Sound like he is a responsible guy but too prideful. And he also might not know what to do as well. Yes, he stalk you. So?
It is because he cant communicate with you. He cant reach you. You do not interact with him or at least try.
All you think about is how much you suffer. Do you think he is happier ? Honestly???

If a guy don't even cares about you, trust me.. he can do thing much worse and F up toward you. He doesnt even bother about you and your well being. Not to mention checking you up. He do not have to give in to you.

Love is not just a passion thing. Its really takes alot of efforts. Without commitments, love cannot last. it will be a vicious cycle to all your rs if you didnt even try hard enough.

I am sorry if I sound so blunt.
 
Seriously, wad is wrong for someone to stalk your whatapp ? Do you really know why he do that ?
I thinks he still cares for you. He love you but just that everytime you two meet up, both will quarrel. Have you also reflect on your attitude toward him?
Sound like he is a responsible guy but too prideful. And he also might not know what to do as well. Yes, he stalk you. So?
It is because he cant communicate with you. He cant reach you. You do not interact with him or at least try.
All you think about is how much you suffer. Do you think he is happier ? Honestly???

If a guy don't even cares about you, trust me.. he can do thing much worse and F up toward you. He doesnt even bother about you and your well being. Not to mention checking you up. He do not have to give in to you.

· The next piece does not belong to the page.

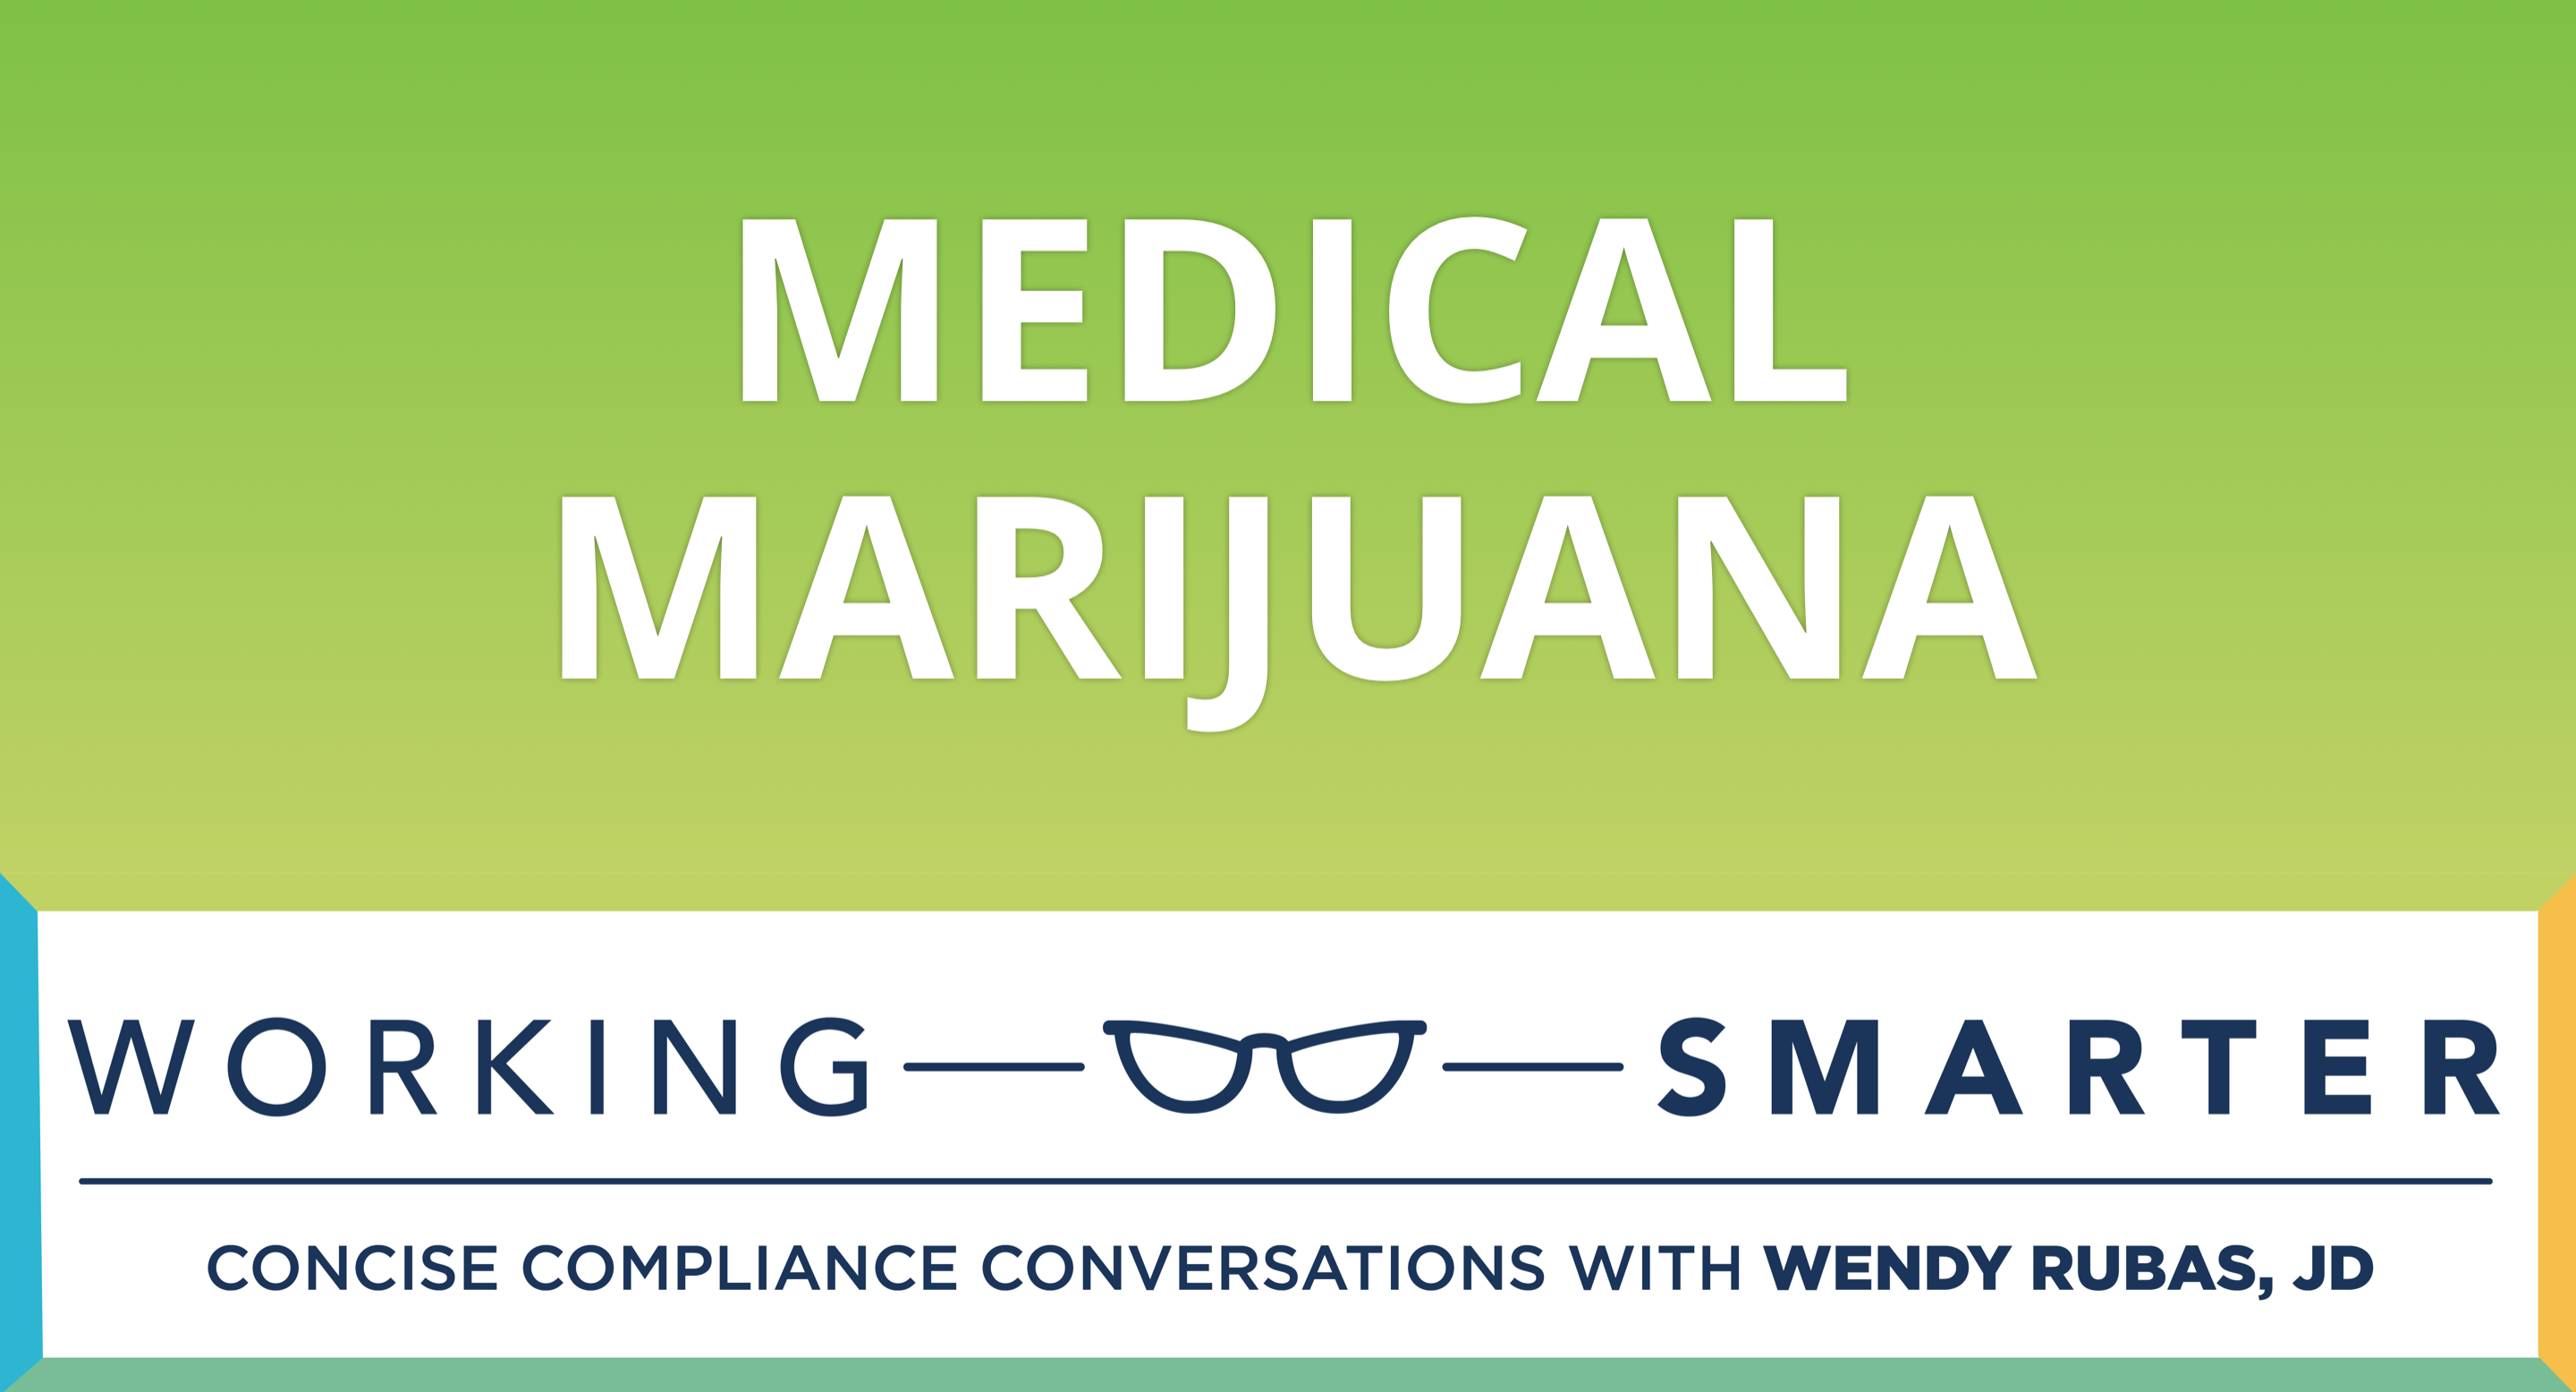 Working Smarter: Medical Marijuana

Love is not just a passion thing. Its really takes alot of efforts. Without commitments, love cannot last. it will be a vicious cycle to all your rs if you didnt even try hard enough.

I am sorry if I sound so blunt.

The stalking of whatsapp is only part of our problems. The major issue is our character clash. Neither of us is willing to give in.

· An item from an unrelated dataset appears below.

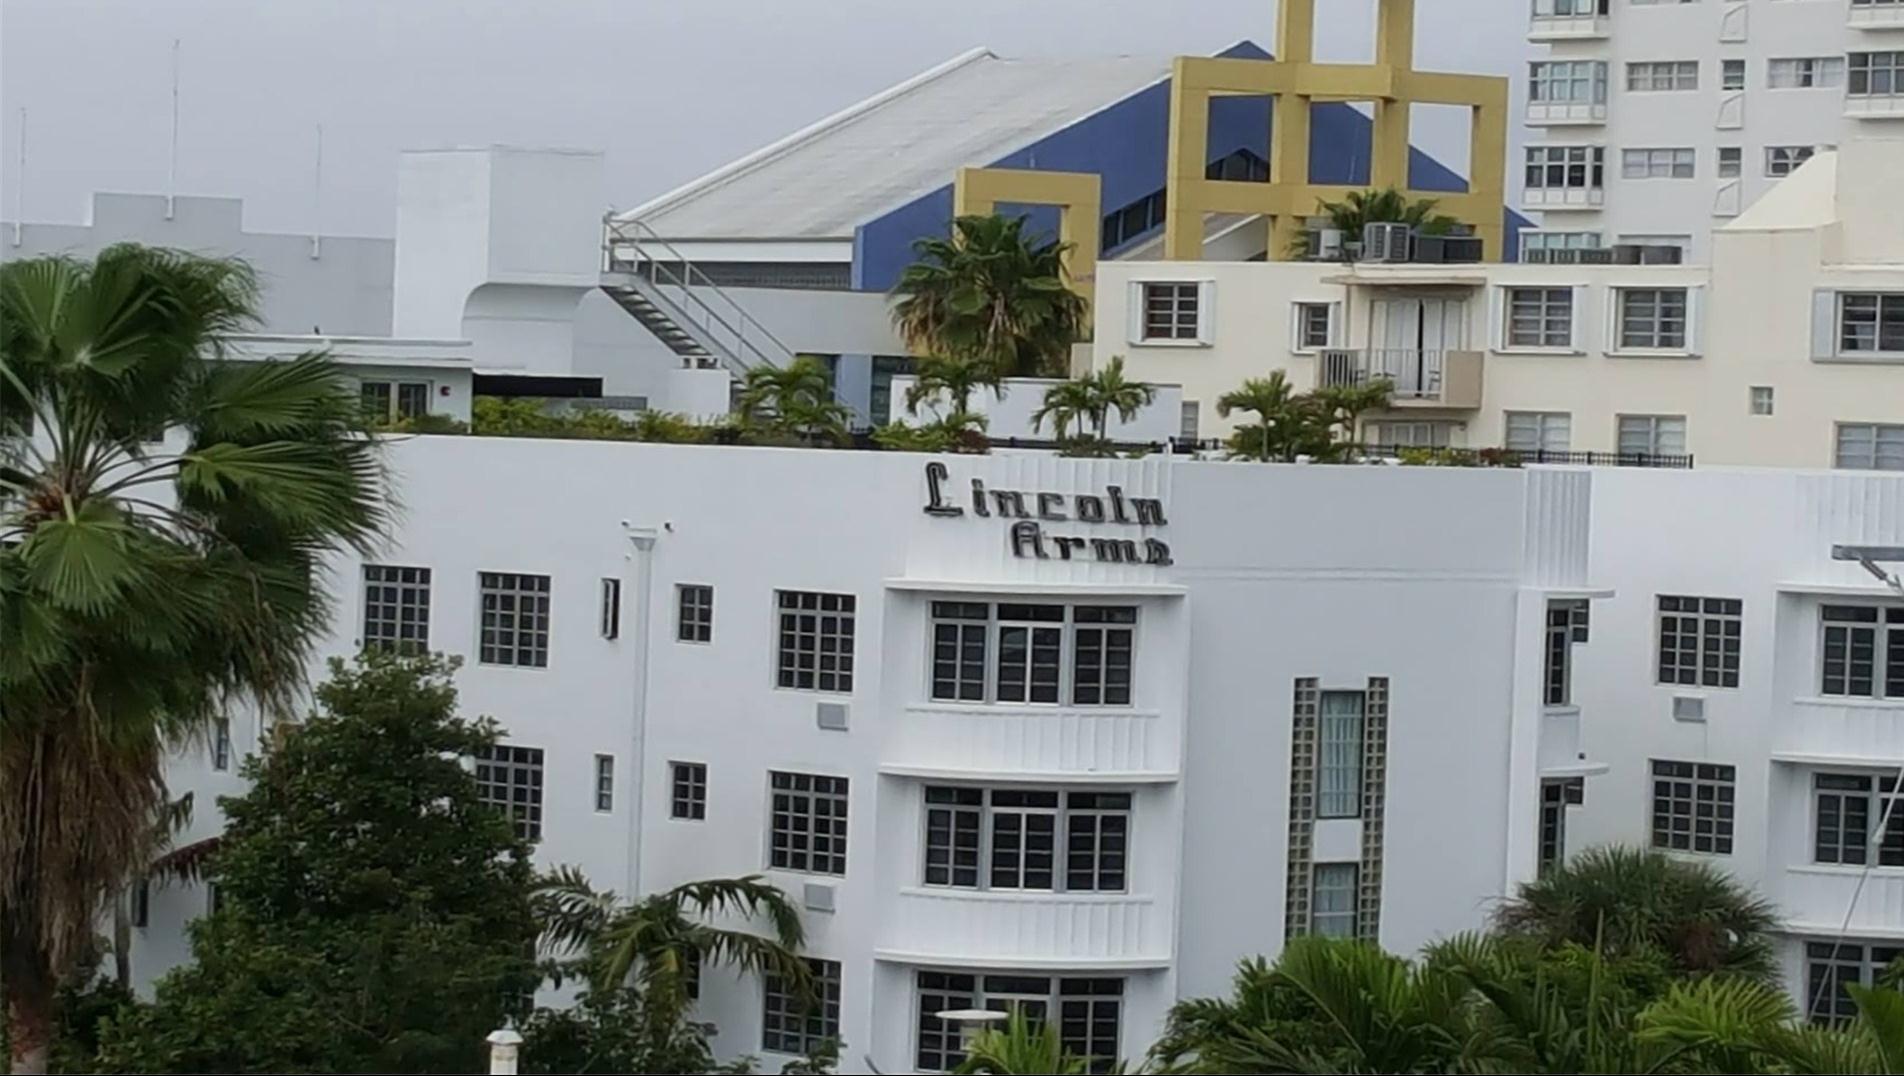 Lincoln Arms Suites in Miami Beach, FL

The stalking part is invading my privacy in a way. I can't chat with my friends 'in peace', he will come interrogate me. No space to breath. Its creepy to have someone lurking there waiting to 'catch' you online. He can show concern in other ways, not creepy stalkings like this. It just shows me how insecure he is and the trust level he has for me. All these pushes me away further from him.
 
The stalking of whatsapp is only part of our problems. The major issue is our character clash. Neither of us is willing to give in.

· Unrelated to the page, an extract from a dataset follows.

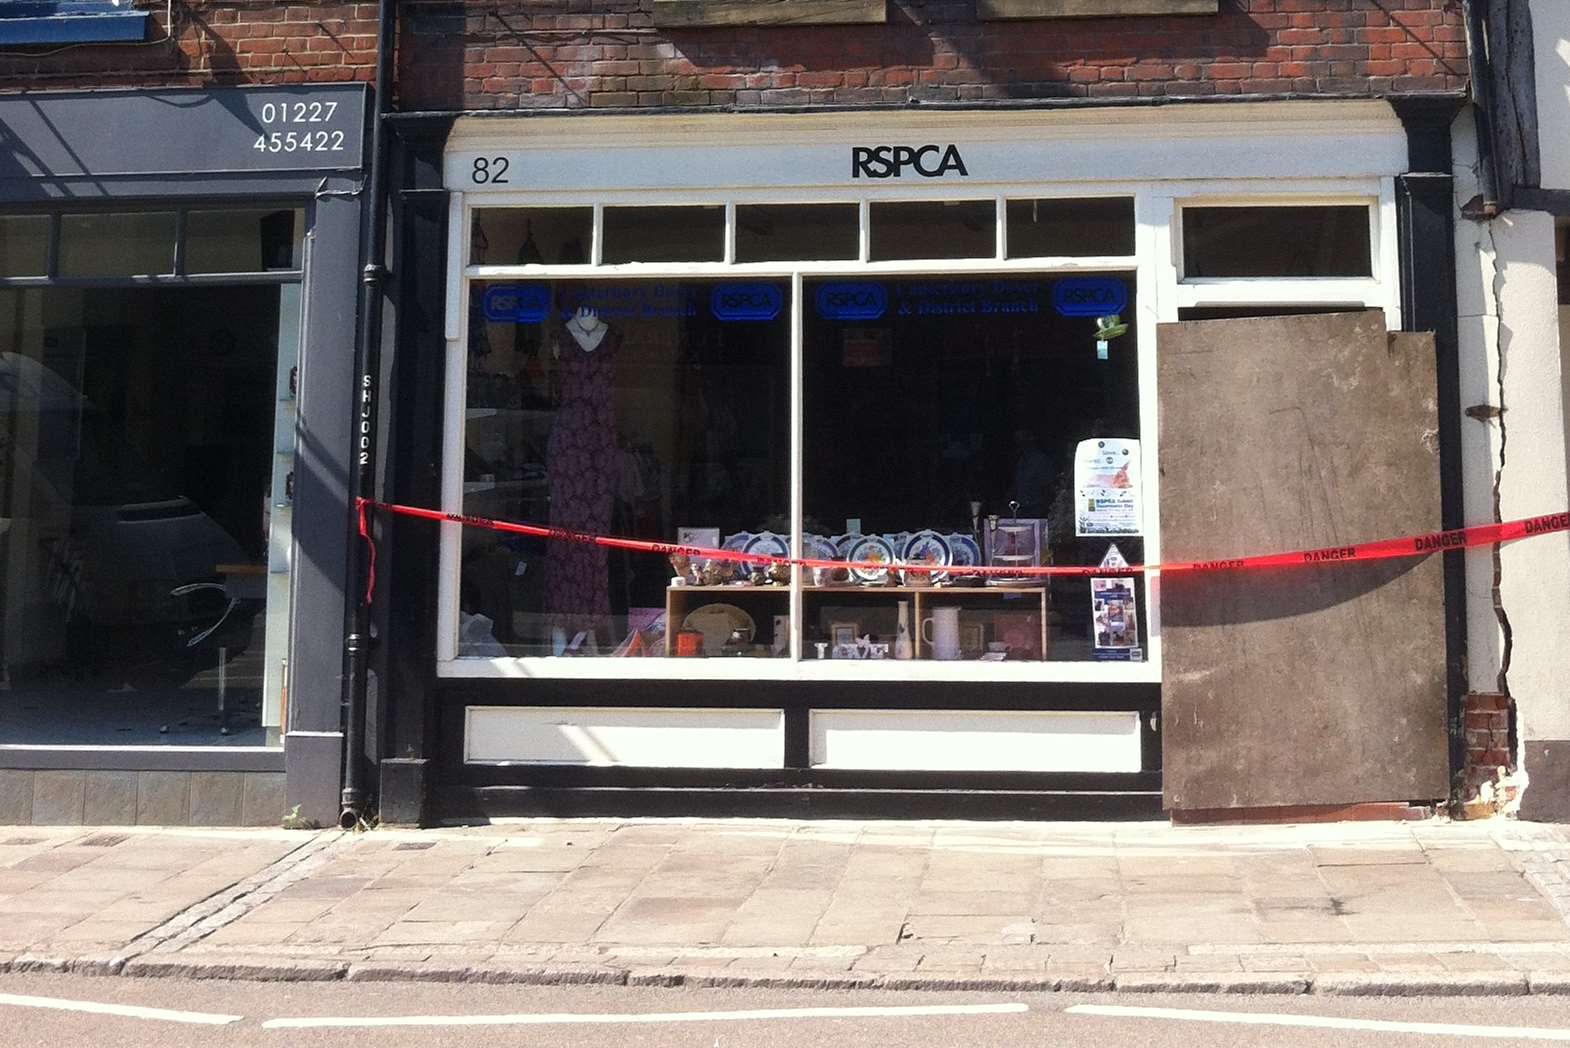 The damaged RSPCA shop in St Dunstan's Street

The stalking part is invading my privacy in a way. I can't chat with my friends 'in peace', he will come interrogate me. No space to breath. Its creepy to have someone lurking there waiting to 'catch' you online. He can show concern in other ways, not creepy stalkings like this. It just shows me how insecure he is and the trust level he has for me. All these pushes me away further from him.


Precisely, he is insecure.
You see, you have the issue here. What can you do to resolve this? Have you wonder why he is insecure, what makes him insecure? Instead of negative feelings that he is over possessive, pushing you away.. On the positive side, he still cares and feeling insecure.
Do you even feel interrogated that your partner ask you who and where you been ?
But why do you feel that way, in the 1st place if you take the initiatives to communicate, inform him. Do you think he will ask and stalk you ? Perhaps you feel is not necessary, so he asked you because he is curious. Is he creepy?
If your hubby always go out late, just inform you that he has a business dinner. U ask him why is he always so late and with who. So are you creepy ? lol

Try to look from diff perspectives. All i see from your message is "he" perhaps if you talk to him. I think you use "you" most time. Maybe talk to him, use "we" instead. We can work something out and we can try to communicate.. its sound better.
 
Just my 5cents worth, think yr hubby hv OCD .. Obsessive Compulsive Disorder ... Obsessive cos afraid u hv affair n high insecurity ... either u live with it or get him to attend a psychologist.